• **COLLECTED DATA**
◇ ◇ ◇ ◇
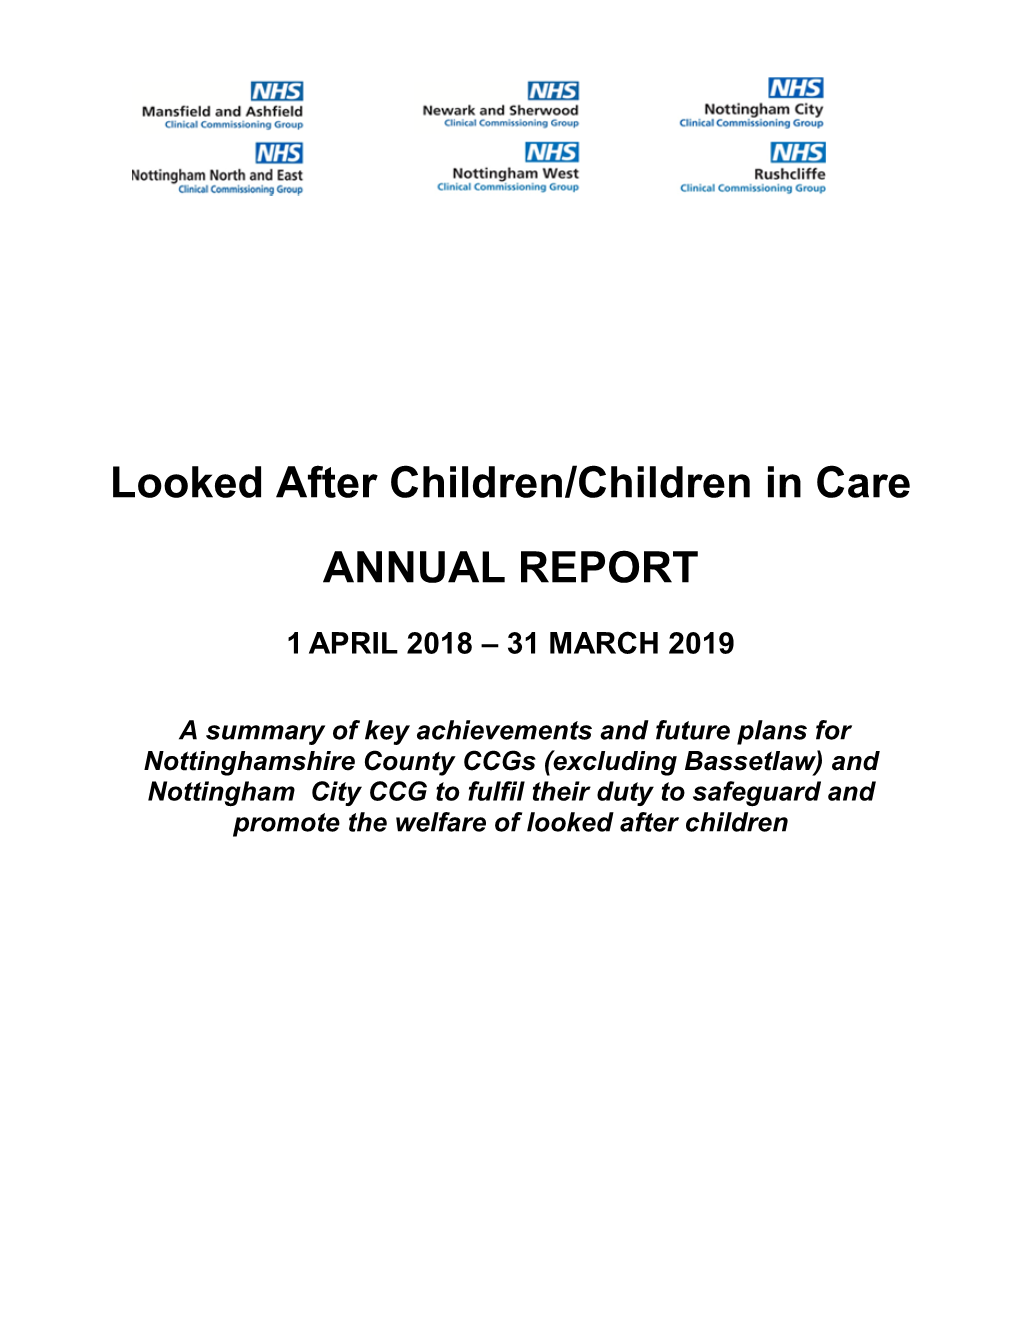 Looked Afer Children Annual Report 2018-19
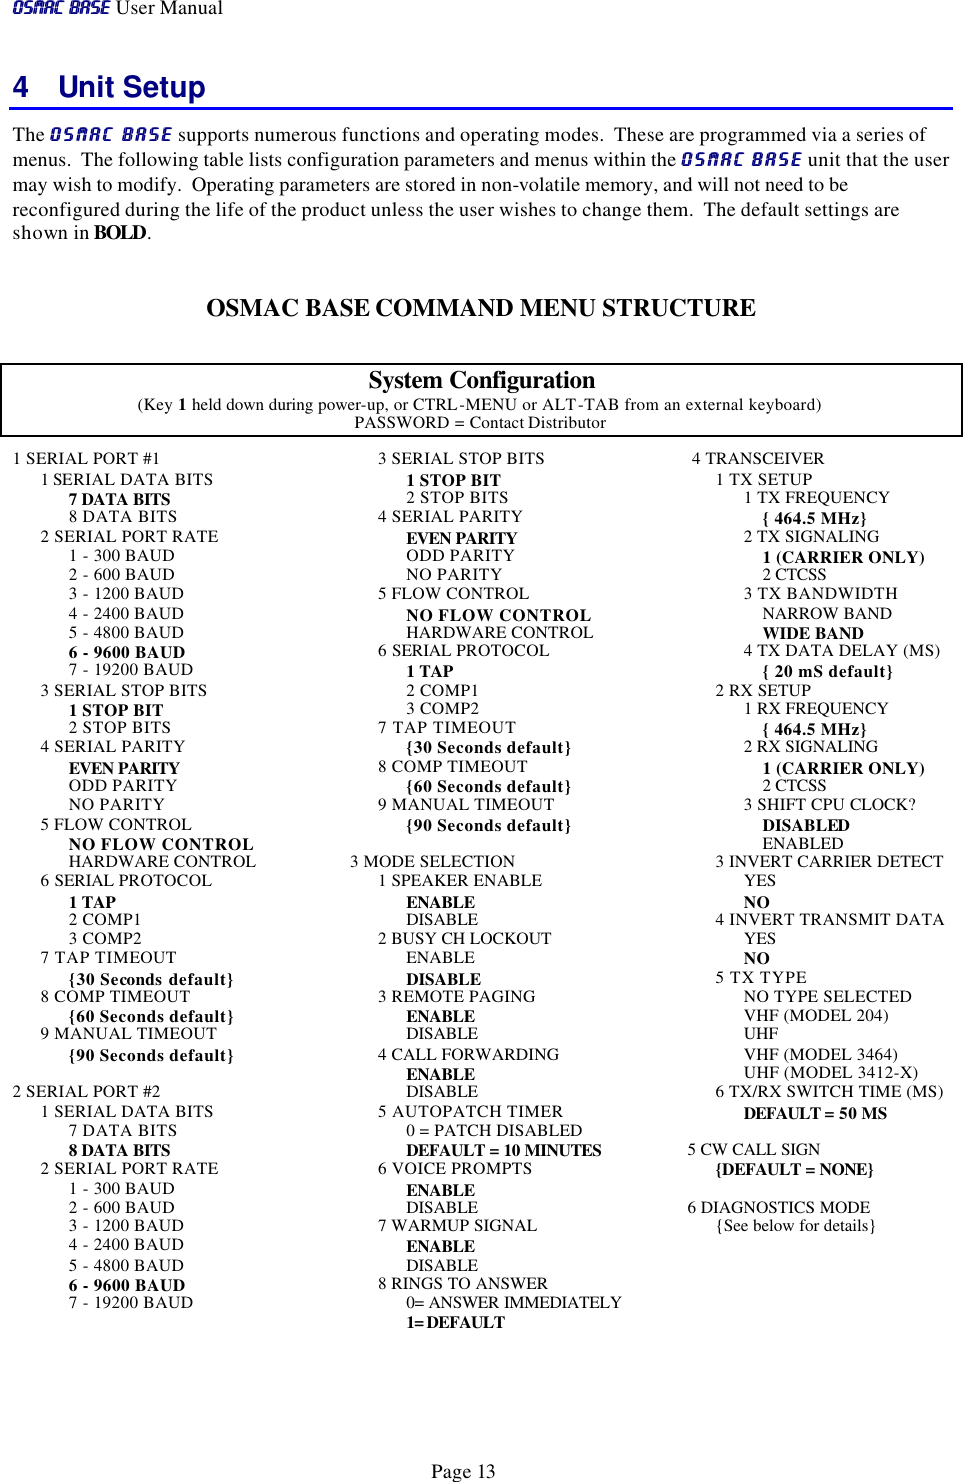 OSMAC BaseOSMAC Base User Manual      Page 13 4 Unit Setup The OSMAC BaseOSMAC Base supports numerous functions and operating modes.  These are programmed via a series of menus.  The following table lists configuration parameters and menus within the OSMAC BaseOSMAC Base unit that the user may wish to modify.  Operating parameters are stored in non-volatile memory, and will not need to be reconfigured during the life of the product unless the user wishes to change them.  The default settings are shown in BOLD.  OSMAC BASE COMMAND MENU STRUCTURE  System Configuration (Key 1 held down during power-up, or CTRL-MENU or ALT-TAB from an external keyboard) PASSWORD = Contact Distributor  1 SERIAL PORT #1      1 SERIAL DATA BITS   7 DATA BITS         8 DATA BITS       2 SERIAL PORT RATE           1 - 300 BAUD           2 - 600 BAUD           3 - 1200 BAUD           4 - 2400 BAUD           5 - 4800 BAUD           6 - 9600 BAUD                 7 - 19200 BAUD  3 SERIAL STOP BITS   1 STOP BIT             2 STOP BITS       4 SERIAL PARITY   EVEN PARITY             ODD PARITY             NO PARITY  5 FLOW CONTROL   NO FLOW CONTROL   HARDWARE CONTROL  6 SERIAL PROTOCOL           1 TAP           2 COMP1           3 COMP2  7 TAP TIMEOUT         {30 Seconds default}  8 COMP TIMEOUT   {60 Seconds default}  9 MANUAL TIMEOUT   {90 Seconds default}  2 SERIAL PORT #2      1 SERIAL DATA BITS   7 DATA BITS        8 DATA BITS  2 SERIAL PORT RATE           1 - 300 BAUD           2 - 600 BAUD           3 - 1200 BAUD           4 - 2400 BAUD           5 - 4800 BAUD           6 - 9600 BAUD                 7 - 19200 BAUD       3 SERIAL STOP BITS   1 STOP BIT             2 STOP BITS       4 SERIAL PARITY   EVEN PARITY             ODD PARITY             NO PARITY  5 FLOW CONTROL   NO FLOW CONTROL   HARDWARE CONTROL  6 SERIAL PROTOCOL           1 TAP           2 COMP1           3 COMP2  7 TAP TIMEOUT         {30 Seconds default}  8 COMP TIMEOUT   {60 Seconds default}  9 MANUAL TIMEOUT   {90 Seconds default}  3 MODE SELECTION  1 SPEAKER ENABLE   ENABLE   DISABLE    2 BUSY CH LOCKOUT   ENABLE   DISABLE    3 REMOTE PAGING   ENABLE   DISABLE    4 CALL FORWARDING   ENABLE   DISABLE    5 AUTOPATCH TIMER   0 = PATCH DISABLED   DEFAULT = 10 MINUTES    6 VOICE PROMPTS   ENABLE   DISABLE    7 WARMUP SIGNAL   ENABLE   DISABLE   8 RINGS TO ANSWER   0= ANSWER IMMEDIATELY   1= DEFAULT    4 TRANSCEIVER  1 TX SETUP           1 TX FREQUENCY    { 464.5 MHz}   2 TX SIGNALING               1 (CARRIER ONLY)               2 CTCSS           3 TX BANDWIDTH    NARROW BAND                 WIDE BAND   4 TX DATA DELAY (MS)    { 20 mS default} 2 RX SETUP    1 RX FREQUENCY     { 464.5 MHz}  2 RX SIGNALING     1 (CARRIER ONLY)     2 CTCSS  3 SHIFT CPU CLOCK?     DISABLED     ENABLED 3 INVERT CARRIER DETECT    YES   NO  4 INVERT TRANSMIT DATA   YES   NO  5 TX TYPE   NO TYPE SELECTED    VHF (MODEL 204)   UHF   VHF (MODEL 3464)   UHF (MODEL 3412-X)  6 TX/RX SWITCH TIME (MS)   DEFAULT = 50 MS  5 CW CALL SIGN  {DEFAULT = NONE}    6 DIAGNOSTICS MODE  {See below for details}   
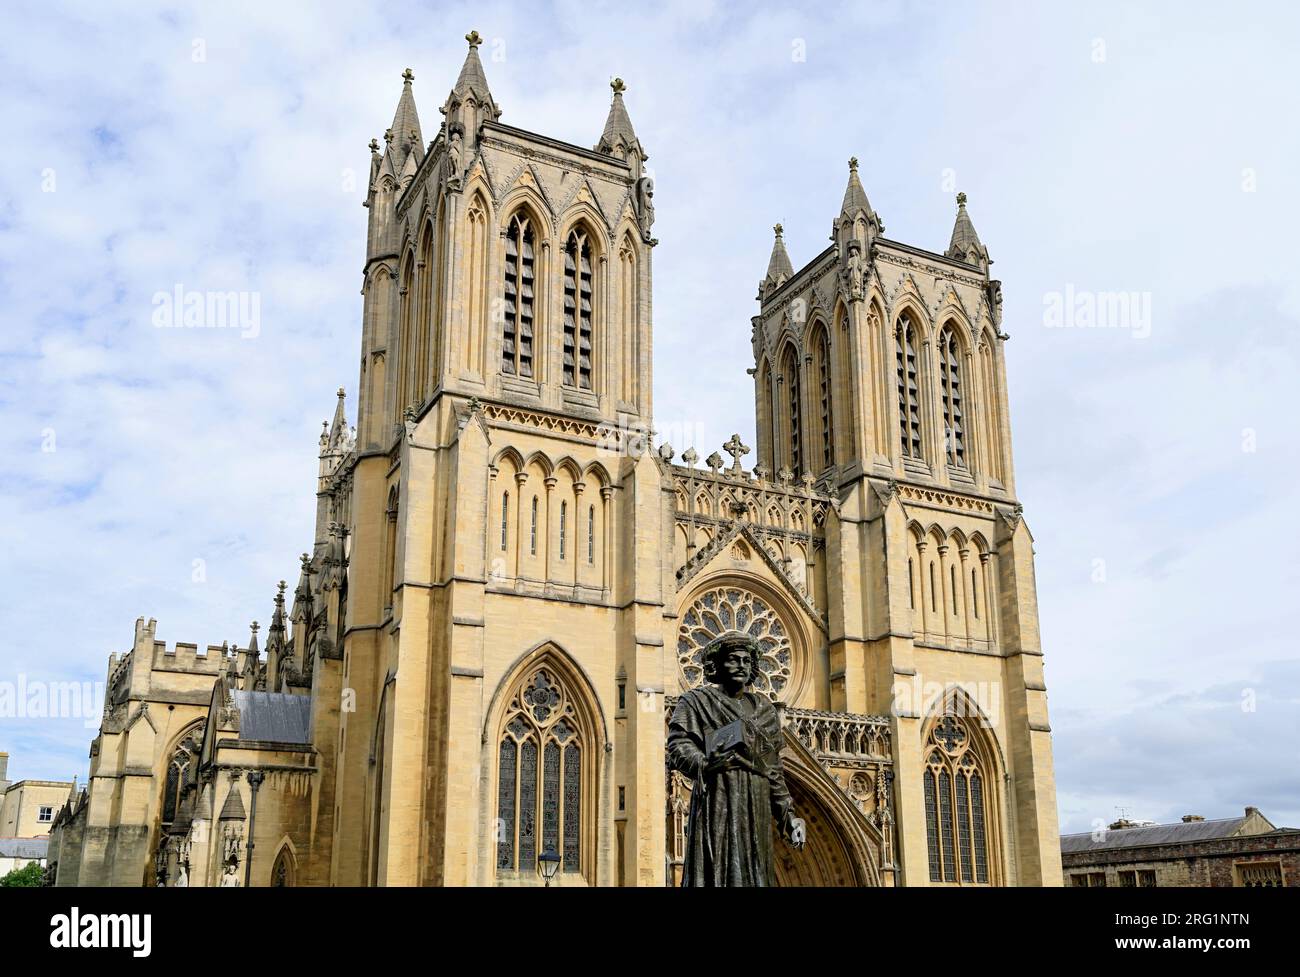 Bristol Cathedral and Statue of Raja Rammohun Roy 1 born in Bengall in 1774 a social reformer who died in Bristol in 1833. Stock Photo
◇ ◇ ◇ ◇
• **DIRECTIONS**
The material above should be printed again exactly, with each picture left out.

• **COMPLETED EXERCISE**
 Looked Afer Children Annual Report 2018-19
 OSMAC BaseOSMAC Base User Manual      Page 13 4 Unit Setup The OSMAC BaseOSMAC Base supports numerous functions and operating modes.  These are programmed via a series of menus.  The following table lists configuration parameters and menus within the OSMAC BaseOSMAC Base unit that the user may wish to modify.  Operating parameters are stored in non-volatile memory, and will not need to be reconfigured during the life of the product unless the user wishes to change them.  The default settings are shown in BOLD.  OSMAC BASE COMMAND MENU STRUCTURE  System Configuration (Key 1 held down during power-up, or CTRL-MENU or ALT-TAB from an external keyboard) PASSWORD = Contact Distributor  1 SERIAL PORT #1      1 SERIAL DATA BITS   7 DATA BITS         8 DATA BITS       2 SERIAL PORT RATE           1 - 300 BAUD           2 - 600 BAUD           3 - 1200 BAUD           4 - 2400 BAUD           5 - 4800 BAUD           6 - 9600 BAUD                 7 - 19200 BAUD  3 SERIAL STOP BITS   1 STOP BIT             2 STOP BITS       4 SERIAL PARITY   EVEN PARITY             ODD PARITY             NO PARITY  5 FLOW CONTROL   NO FLOW CONTROL   HARDWARE CONTROL  6 SERIAL PROTOCOL           1 TAP           2 COMP1           3 COMP2  7 TAP TIMEOUT         {30 Seconds default}  8 COMP TIMEOUT   {60 Seconds default}  9 MANUAL TIMEOUT   {90 Seconds default}  2 SERIAL PORT #2      1 SERIAL DATA BITS   7 DATA BITS        8 DATA BITS  2 SERIAL PORT RATE           1 - 300 BAUD           2 - 600 BAUD           3 - 1200 BAUD           4 - 2400 BAUD           5 - 4800 BAUD           6 - 9600 BAUD                 7 - 19200 BAUD       3 SERIAL STOP BITS   1 STOP BIT             2 STOP BITS       4 SERIAL PARITY   EVEN PARITY             ODD PARITY             NO PARITY  5 FLOW CONTROL   NO FLOW CONTROL   HARDWARE CONTROL  6 SERIAL PROTOCOL           1 TAP           2 COMP1           3 COMP2  7 TAP TIMEOUT         {30 Seconds default}  8 COMP TIMEOUT   {60 Seconds default}  9 MANUAL TIMEOUT   {90 Seconds default}  3 MODE SELECTION  1 SPEAKER ENABLE   ENABLE   DISABLE    2 BUSY CH LOCKOUT   ENABLE   DISABLE    3 REMOTE PAGING   ENABLE   DISABLE    4 CALL FORWARDING   ENABLE   DISABLE    5 AUTOPATCH TIMER   0 = PATCH DISABLED   DEFAULT = 10 MINUTES    6 VOICE PROMPTS   ENABLE   DISABLE    7 WARMUP SIGNAL   ENABLE   DISABLE   8 RINGS TO ANSWER   0= ANSWER IMMEDIATELY   1= DEFAULT    4 TRANSCEIVER  1 TX SETUP           1 TX FREQUENCY    { 464.5 MHz}   2 TX SIGNALING               1 (CARRIER ONLY)               2 CTCSS           3 TX BANDWIDTH    NARROW BAND                 WIDE BAND   4 TX DATA DELAY (MS)    { 20 mS default} 2 RX SETUP    1 RX FREQUENCY     { 464.5 MHz}  2 RX SIGNALING     1 (CARRIER ONLY)     2 CTCSS  3 SHIFT CPU CLOCK?     DISABLED     ENABLED 3 INVERT CARRIER DETECT    YES   NO  4 INVERT TRANSMIT DATA   YES   NO  5 TX TYPE   NO TYPE SELECTED    VHF (MODEL 204)   UHF   VHF (MODEL 3464)   UHF (MODEL 3412-X)  6 TX/RX SWITCH TIME (MS)   DEFAULT = 50 MS  5 CW CALL SIGN  {DEFAULT = NONE}    6 DIAGNOSTICS MODE  {See below for details}   
 Bristol Cathedral and Statue of Raja Rammohun Roy 1 born in Bengall in 1774 a social reformer who died in Bristol in 1833. Stock Photo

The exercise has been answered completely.